What needs to be done:
In the copy of the lines below, leave out pictures and print everything else exactly.

Available data:
::::

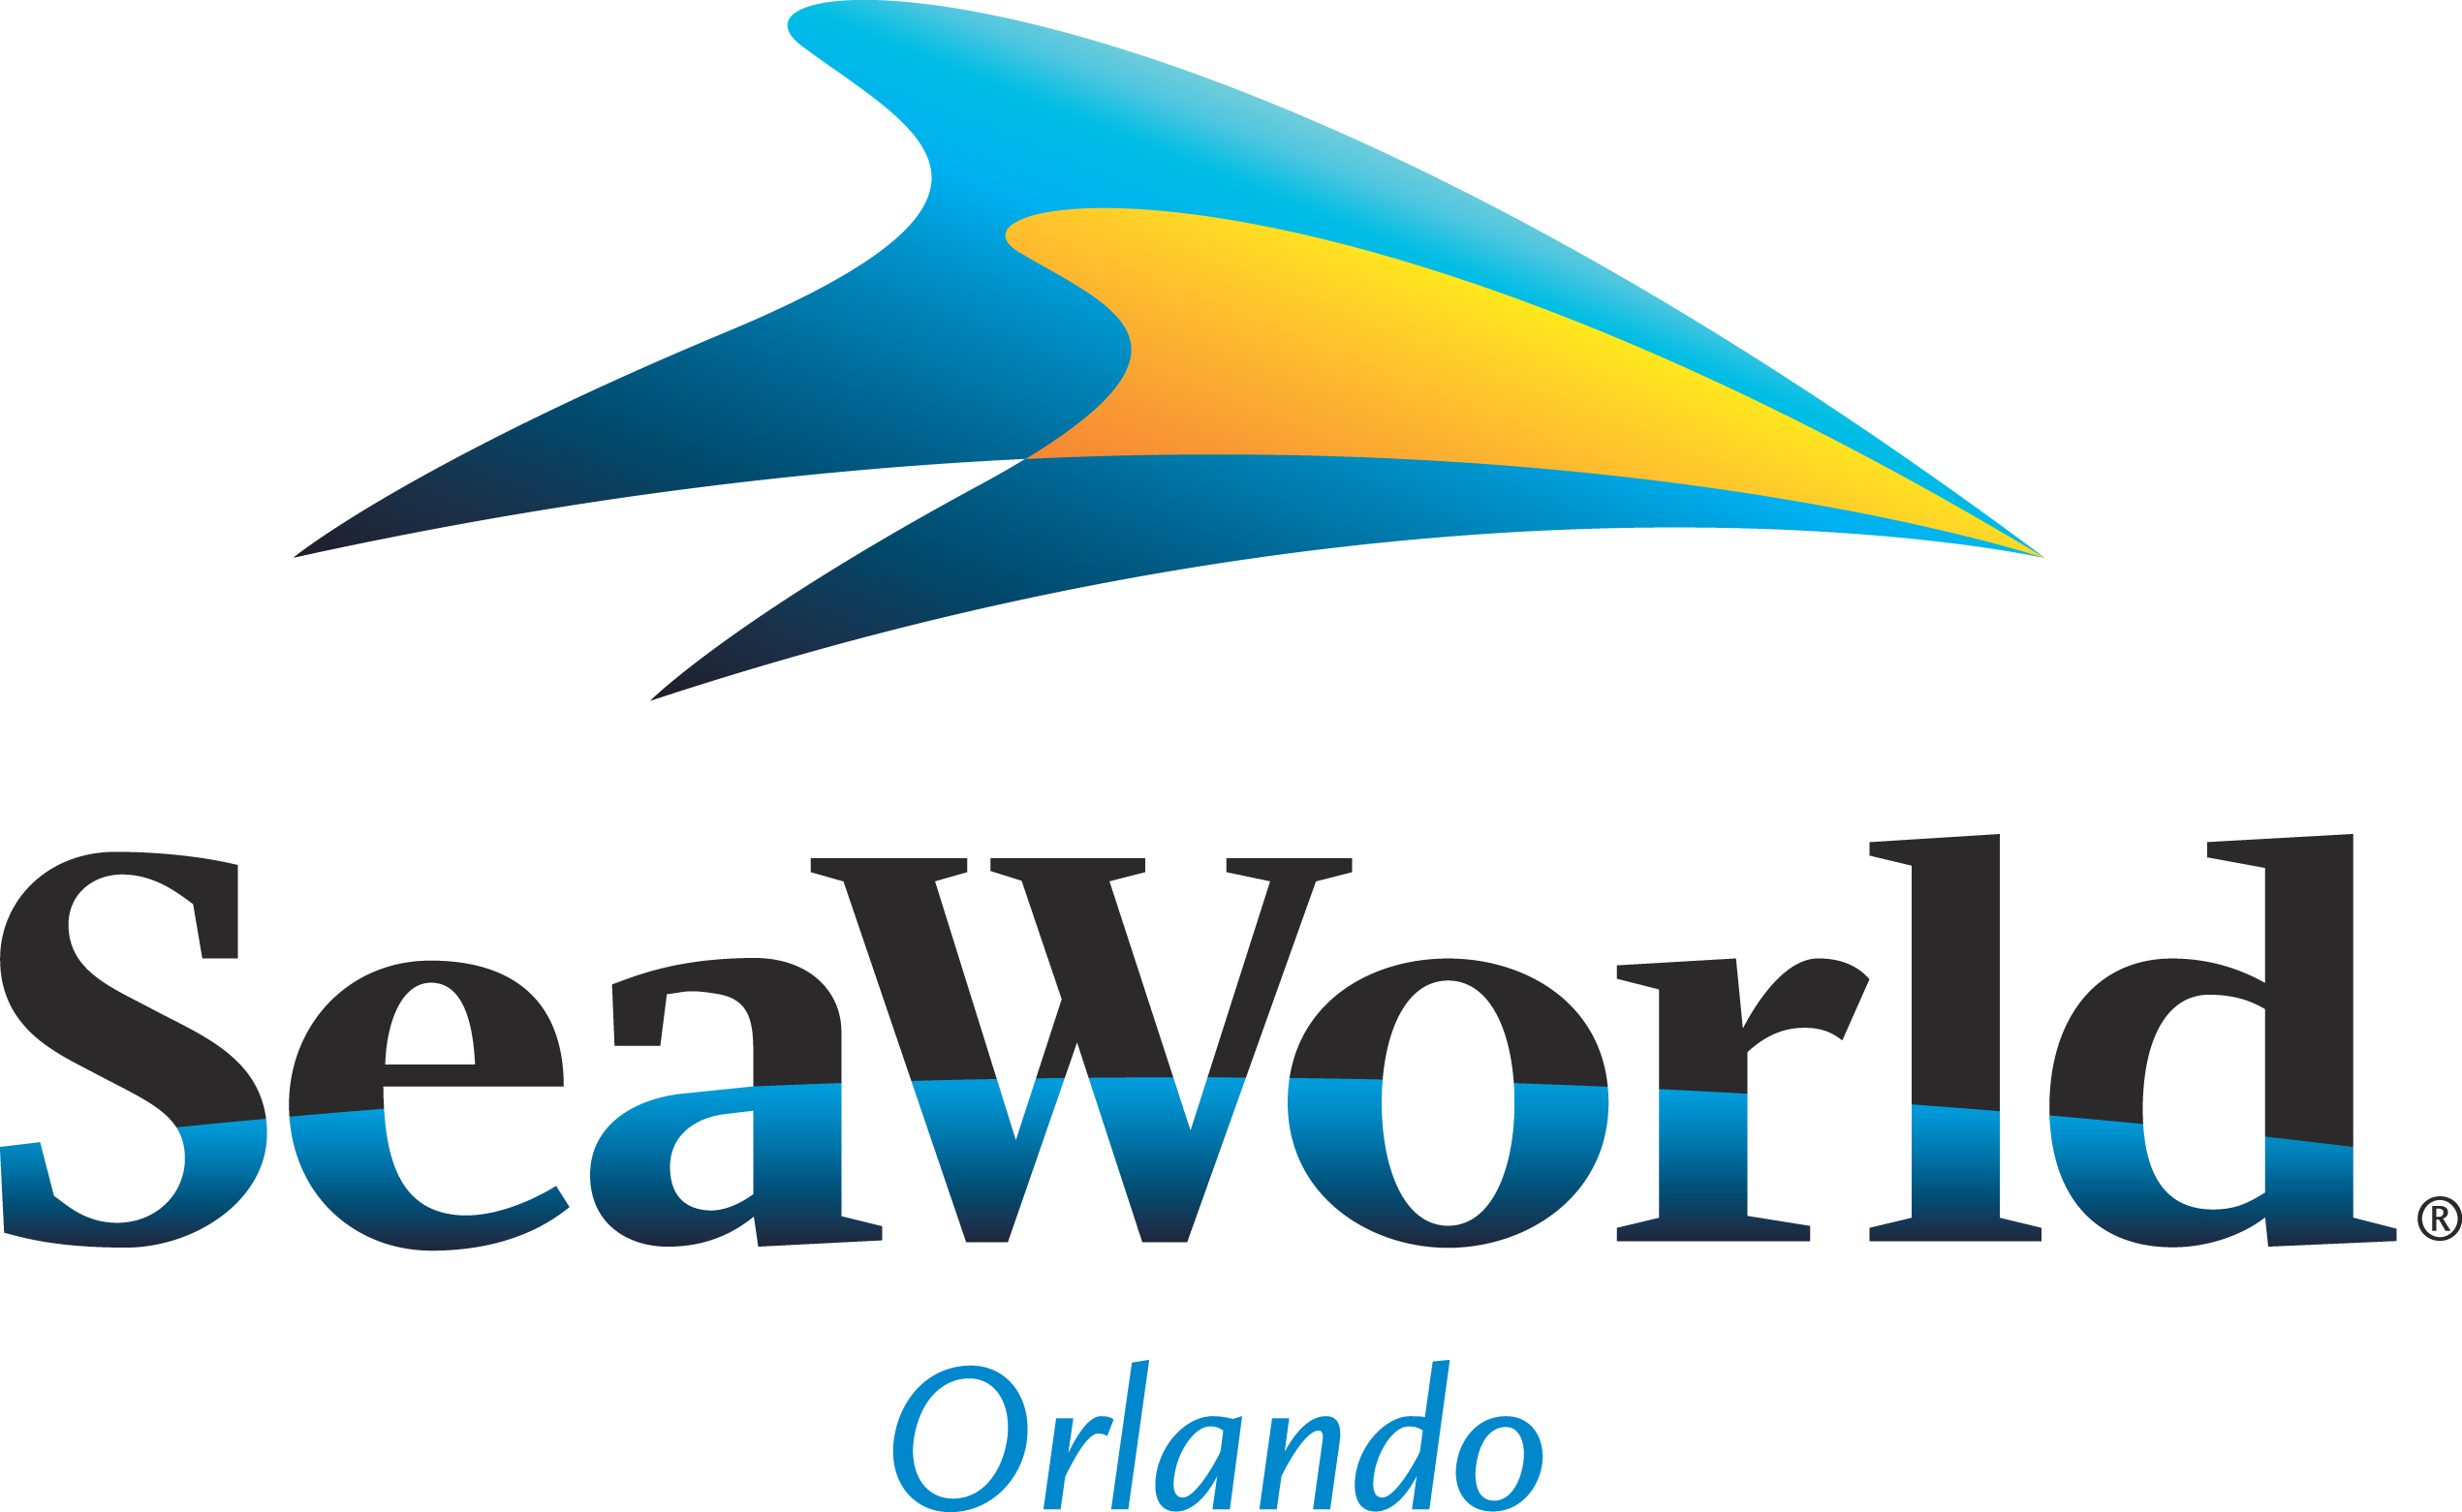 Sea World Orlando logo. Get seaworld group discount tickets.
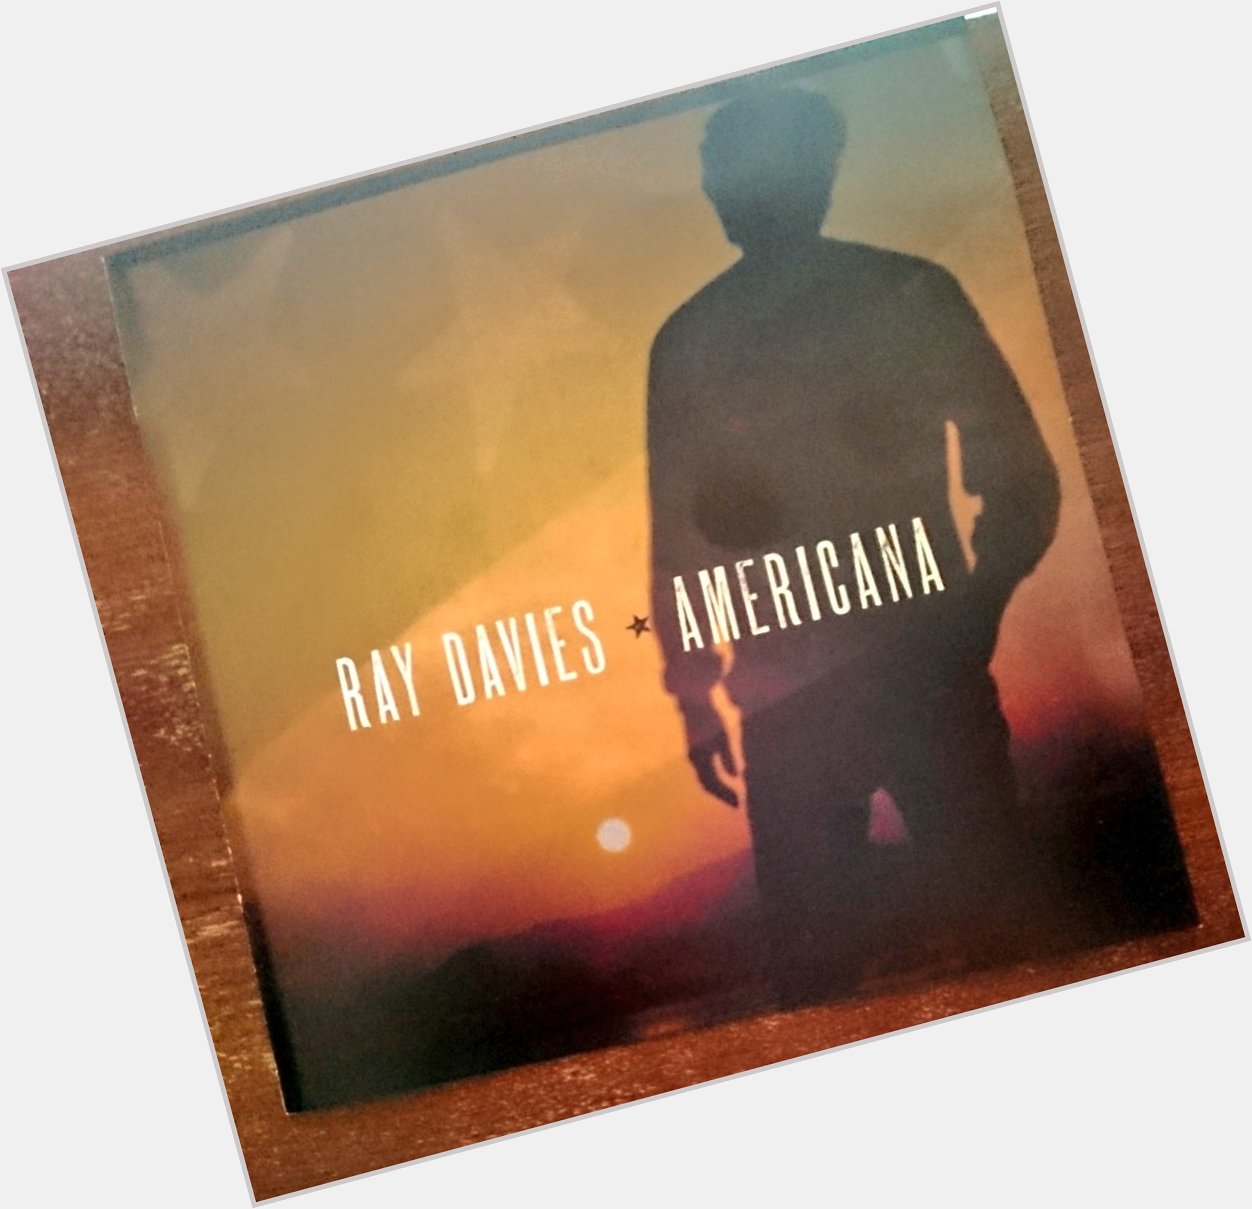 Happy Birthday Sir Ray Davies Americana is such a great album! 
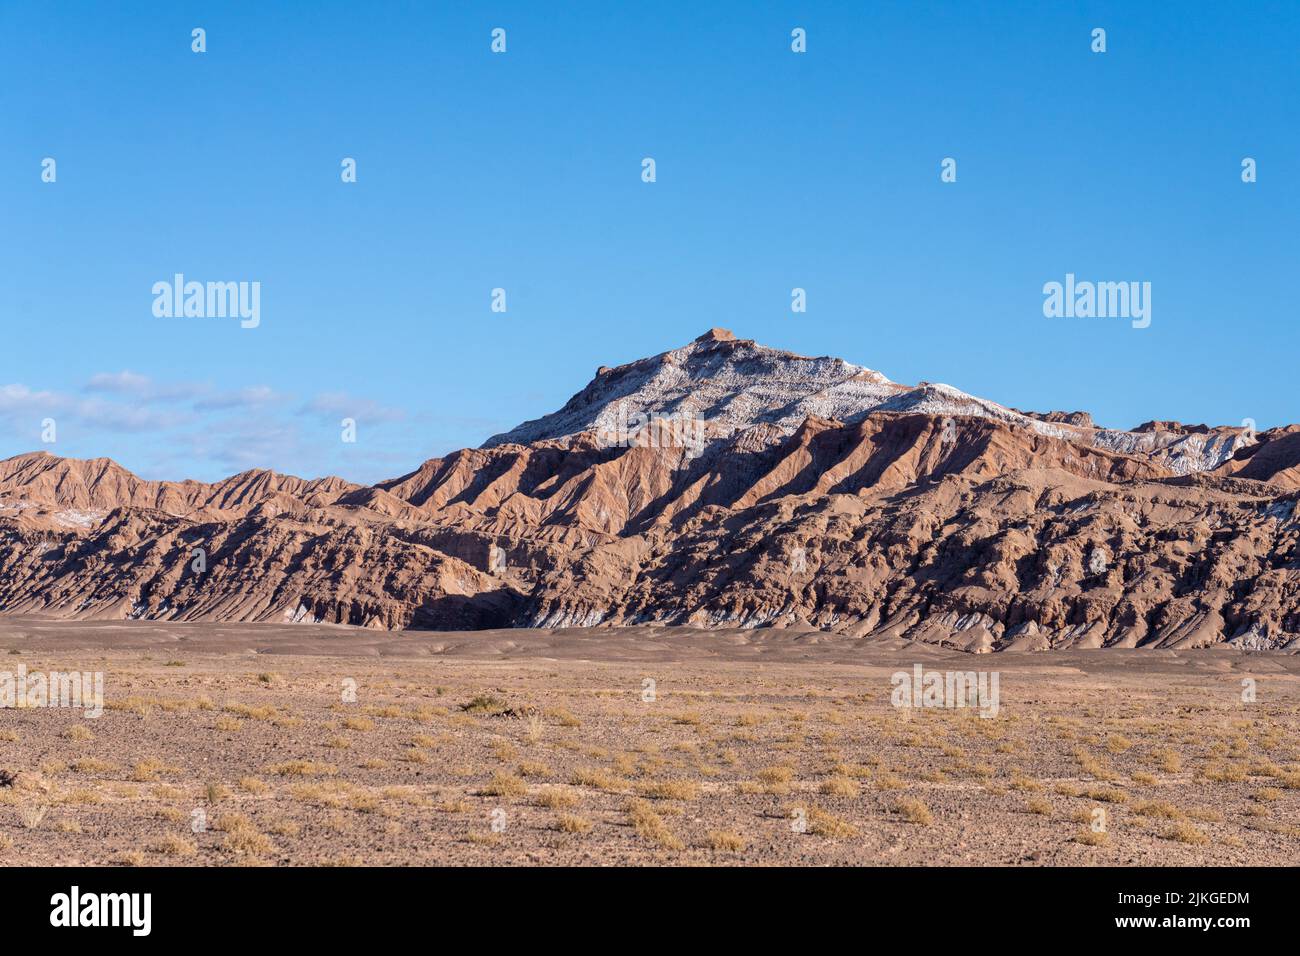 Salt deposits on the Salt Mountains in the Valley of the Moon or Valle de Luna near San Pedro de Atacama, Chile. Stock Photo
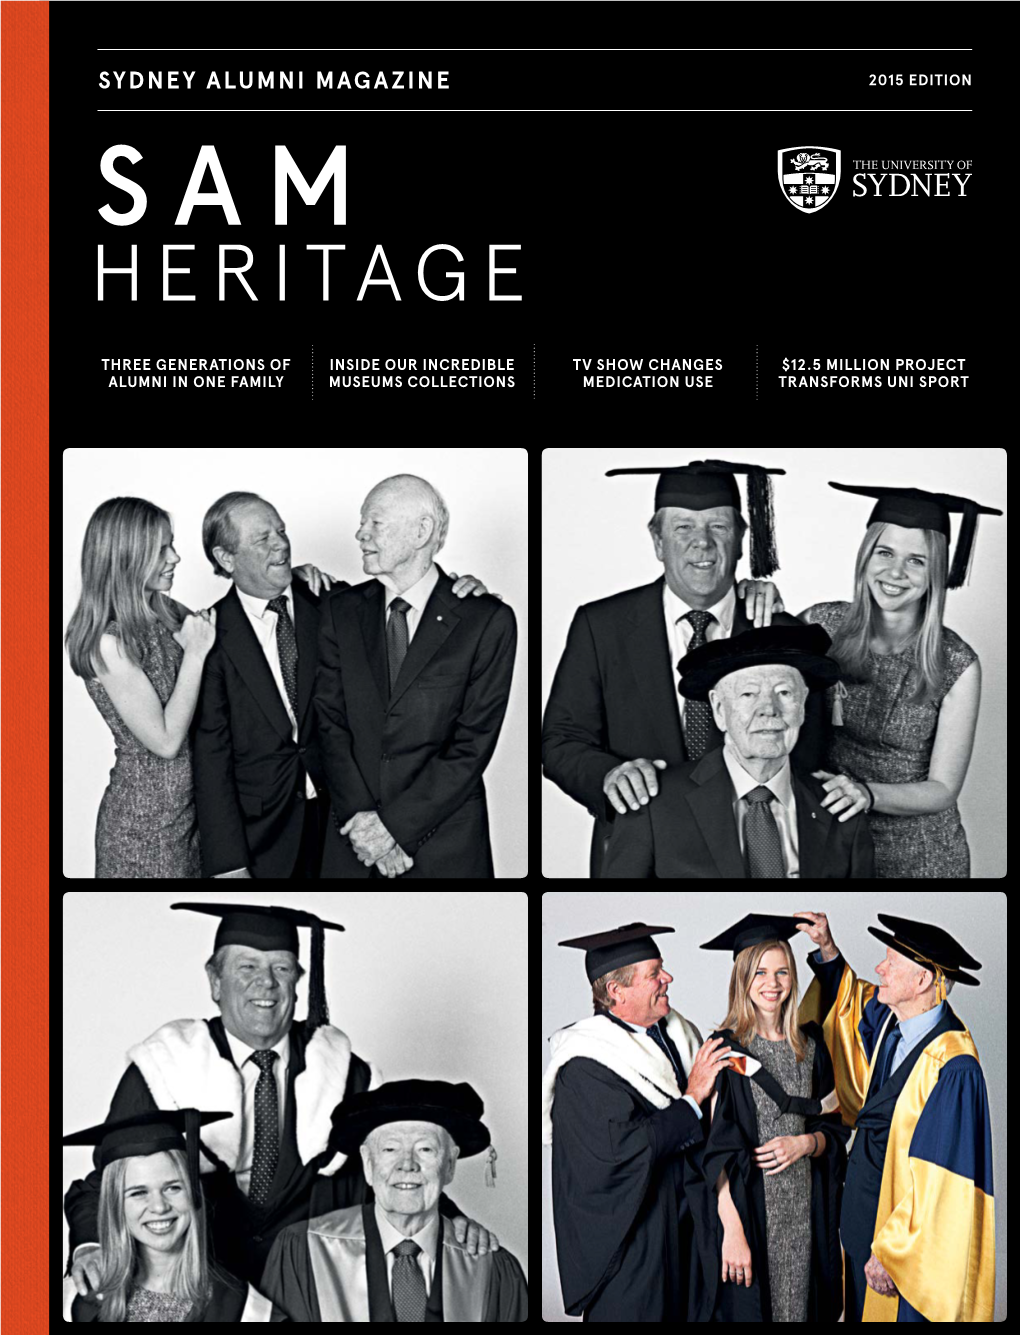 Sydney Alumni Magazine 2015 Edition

::::

Solution for this task:
 Sea World Orlando logo. Get seaworld group discount tickets.
 Happy Birthday Sir Ray Davies Americana is such a great album! 
 Salt deposits on the Salt Mountains in the Valley of the Moon or Valle de Luna near San Pedro de Atacama, Chile. Stock Photo
 Sydney Alumni Magazine 2015 Edition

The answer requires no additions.